→ WHAT THE TASK REQUIRES:
Skip every picture, then write out exactly the lines of the listing below from the line that contains "WATCH: MLR play" through the final line.

────────────────

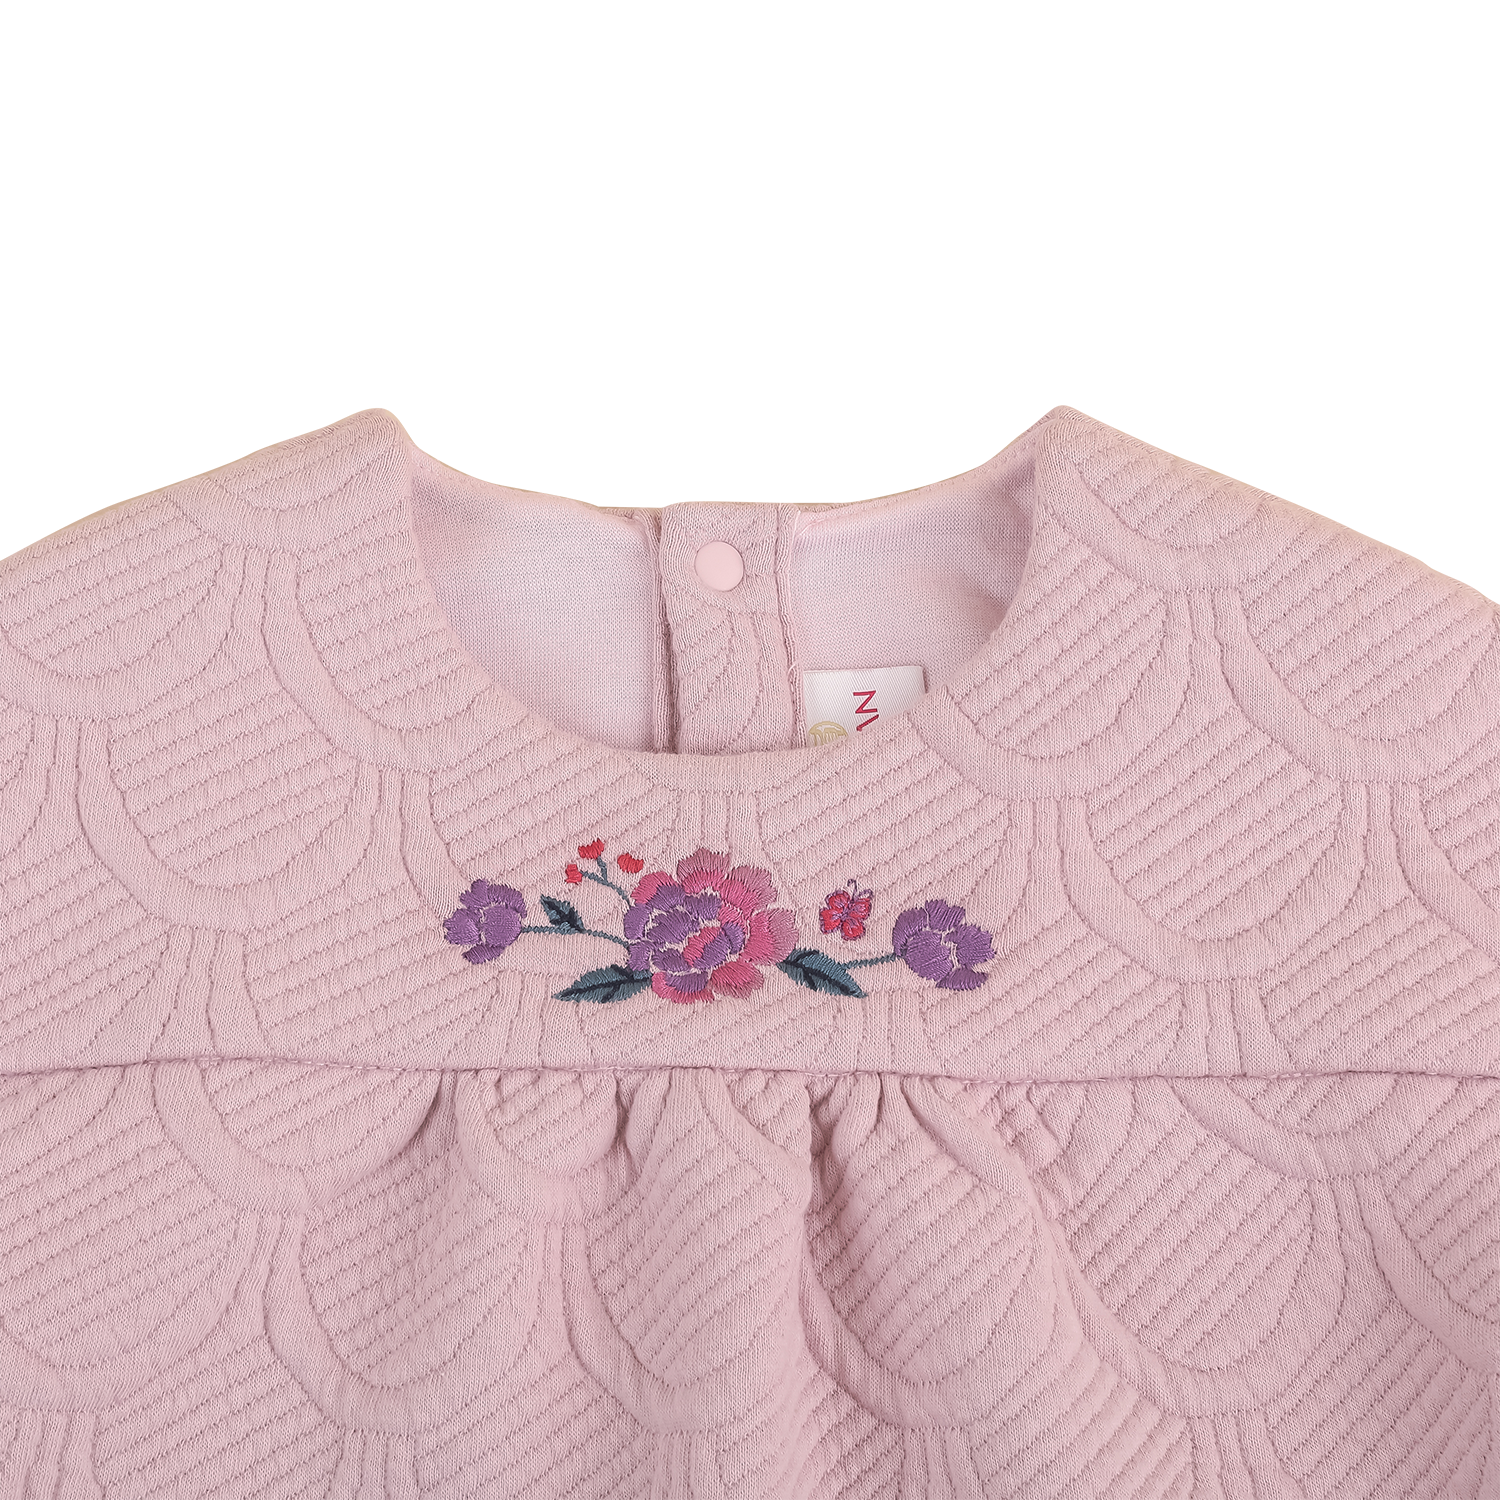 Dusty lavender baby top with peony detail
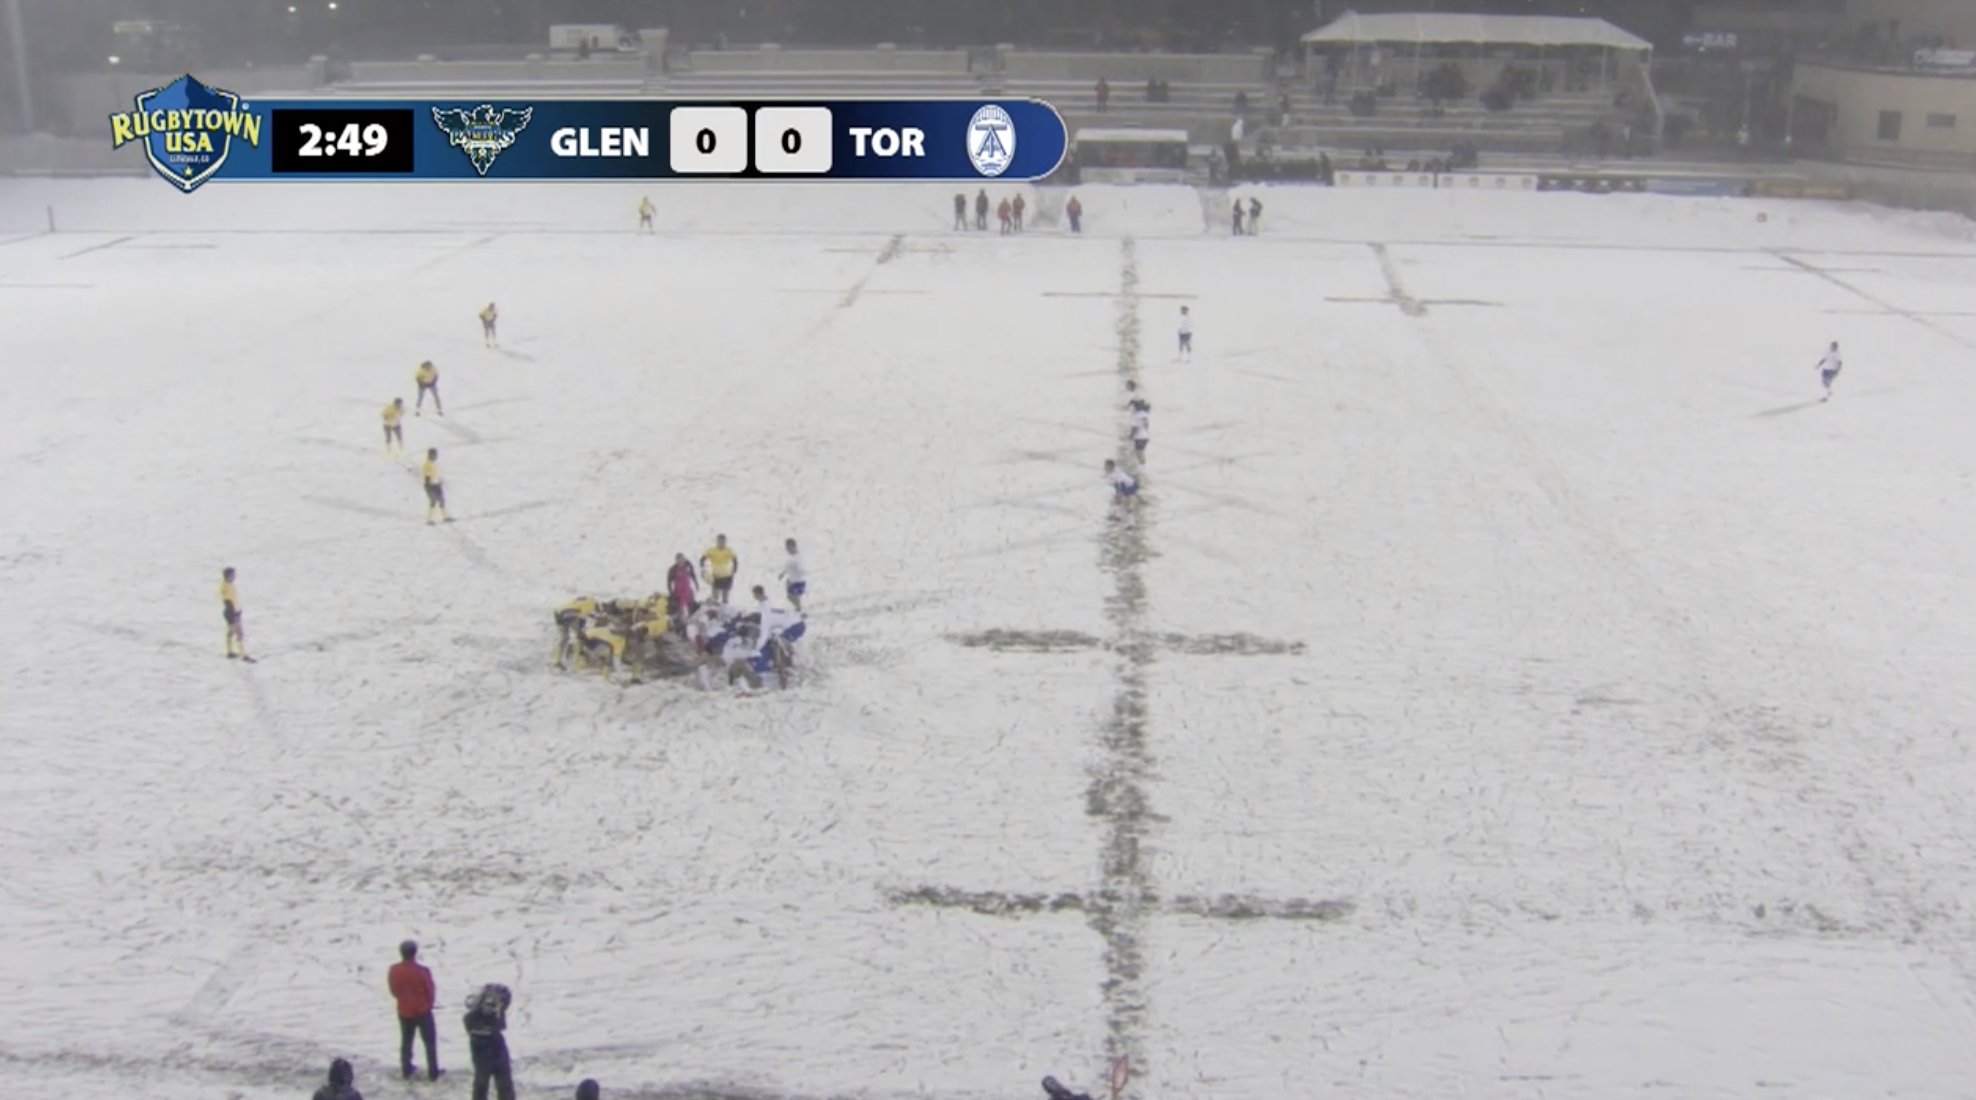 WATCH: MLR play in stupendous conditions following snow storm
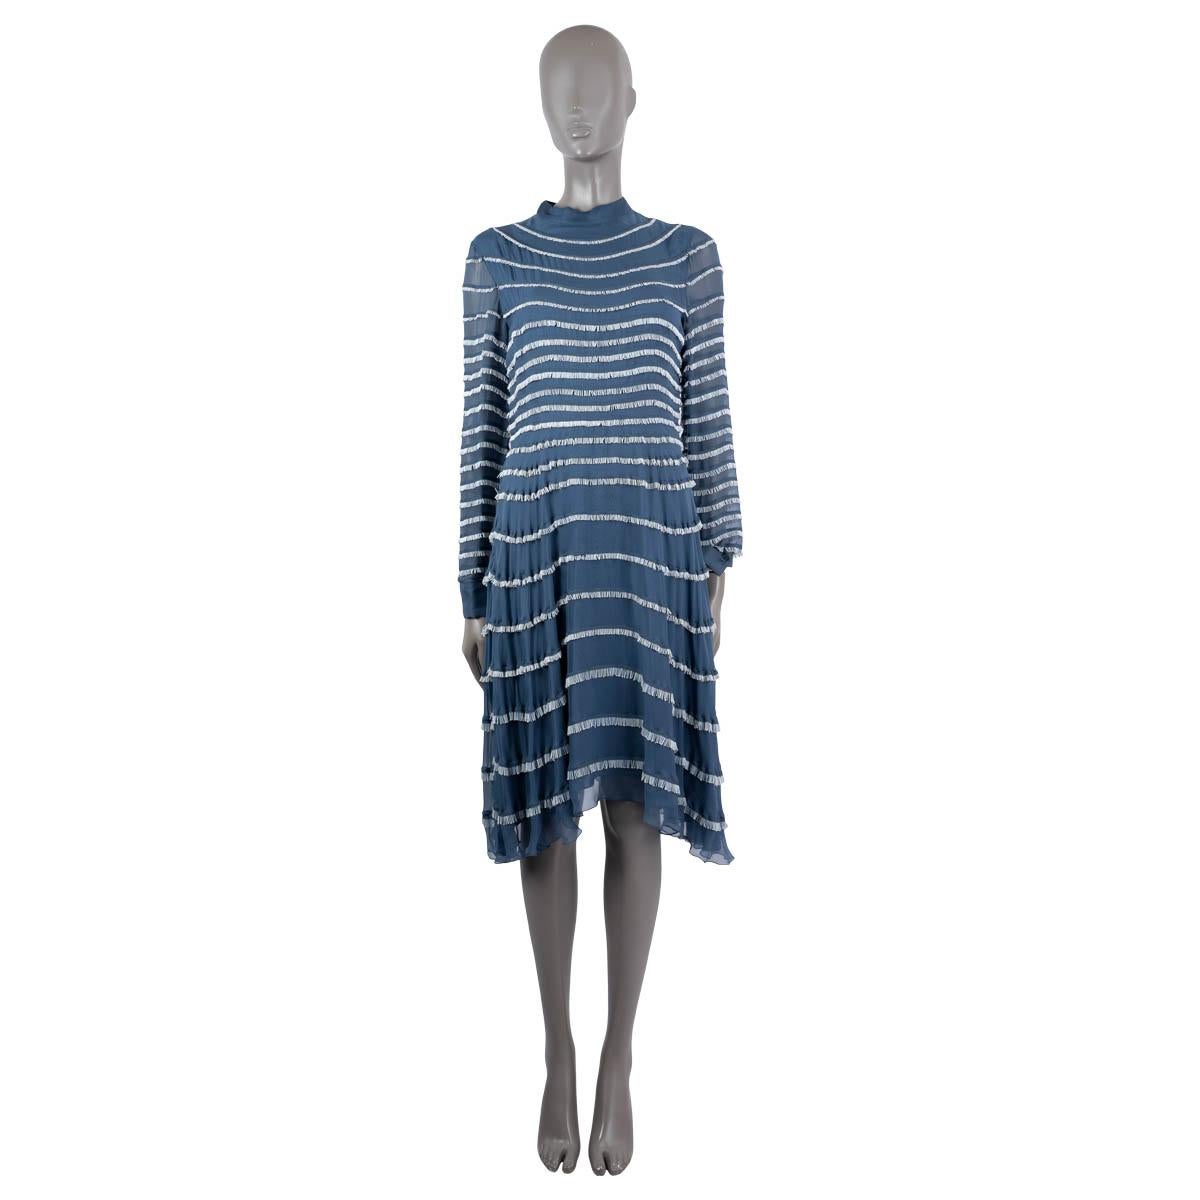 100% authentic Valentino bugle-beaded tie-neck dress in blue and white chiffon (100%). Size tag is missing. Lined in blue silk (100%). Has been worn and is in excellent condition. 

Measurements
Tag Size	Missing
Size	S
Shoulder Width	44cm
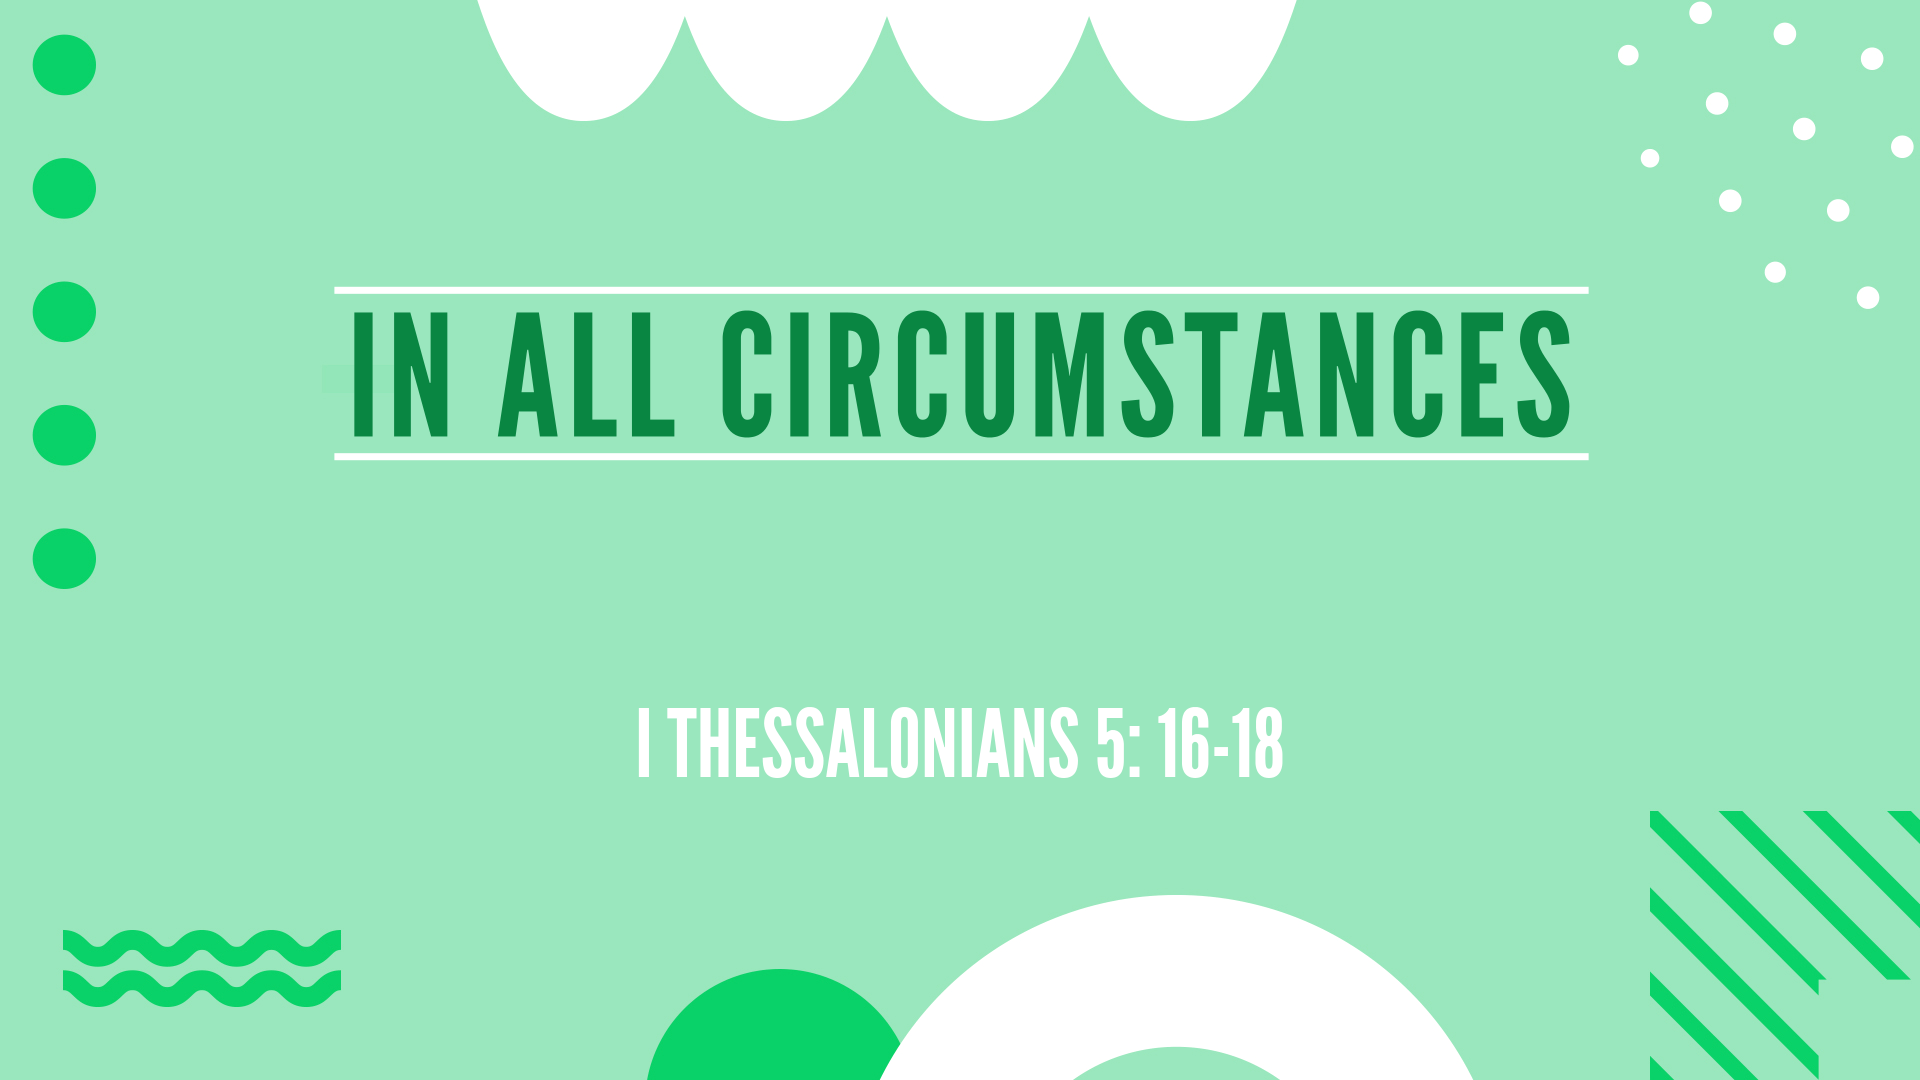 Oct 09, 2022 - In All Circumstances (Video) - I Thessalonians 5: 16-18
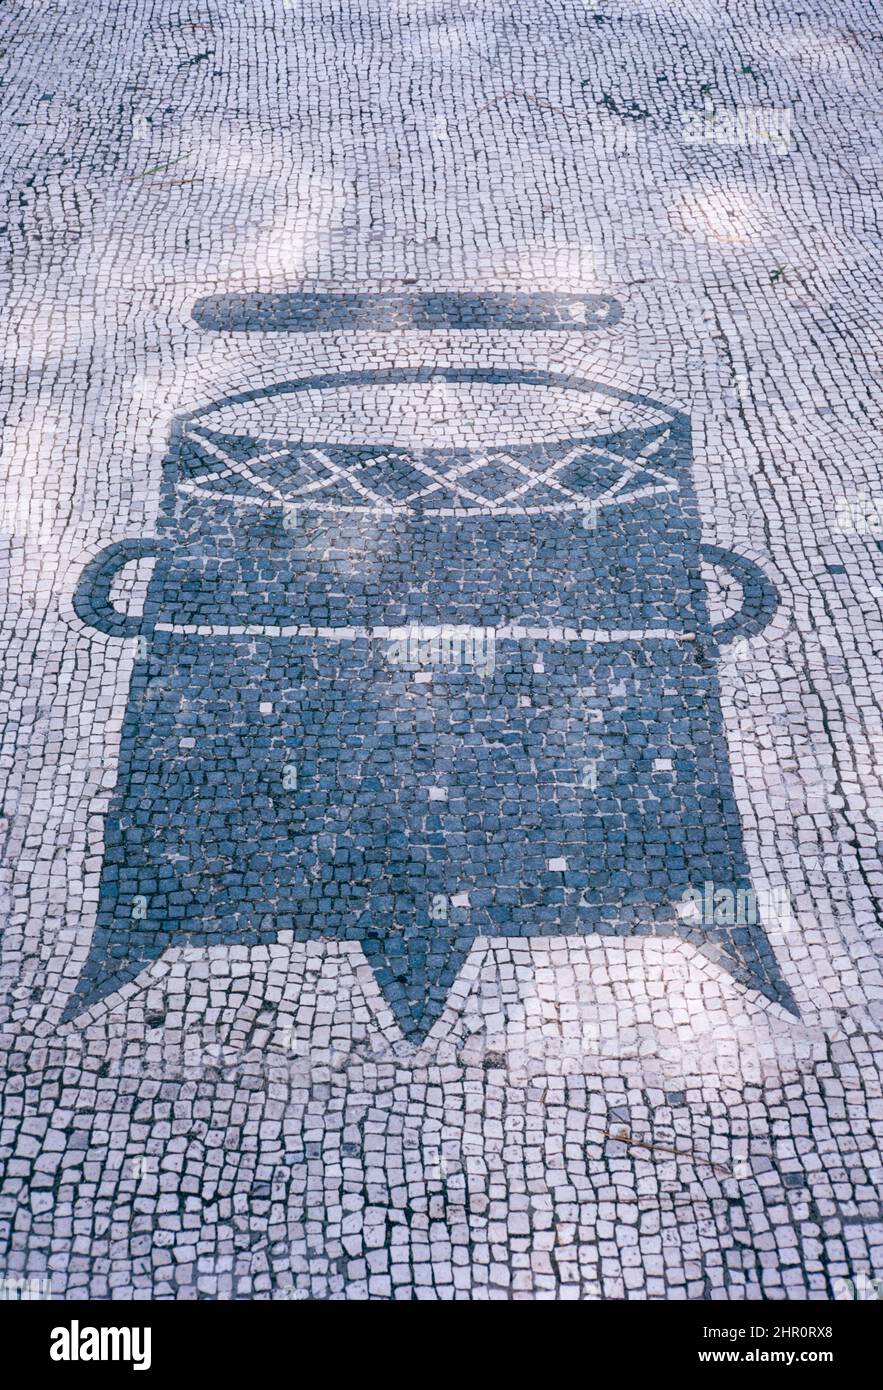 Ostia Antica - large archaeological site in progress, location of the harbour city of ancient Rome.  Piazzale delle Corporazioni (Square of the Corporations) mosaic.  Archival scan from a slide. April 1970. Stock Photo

────────────────

→ YOUR SOLUTION:
 WATCH: MLR play in stupendous conditions following snow storm
 100% authentic Valentino bugle-beaded tie-neck dress in blue and white chiffon (100%). Size tag is missing. Lined in blue silk (100%). Has been worn and is in excellent condition. 

Measurements
Tag Size	Missing
Size	S
Shoulder Width	44cm
 Oct 09, 2022 - In All Circumstances (Video) - I Thessalonians 5: 16-18
 Ostia Antica - large archaeological site in progress, location of the harbour city of ancient Rome.  Piazzale delle Corporazioni (Square of the Corporations) mosaic.  Archival scan from a slide. April 1970. Stock Photo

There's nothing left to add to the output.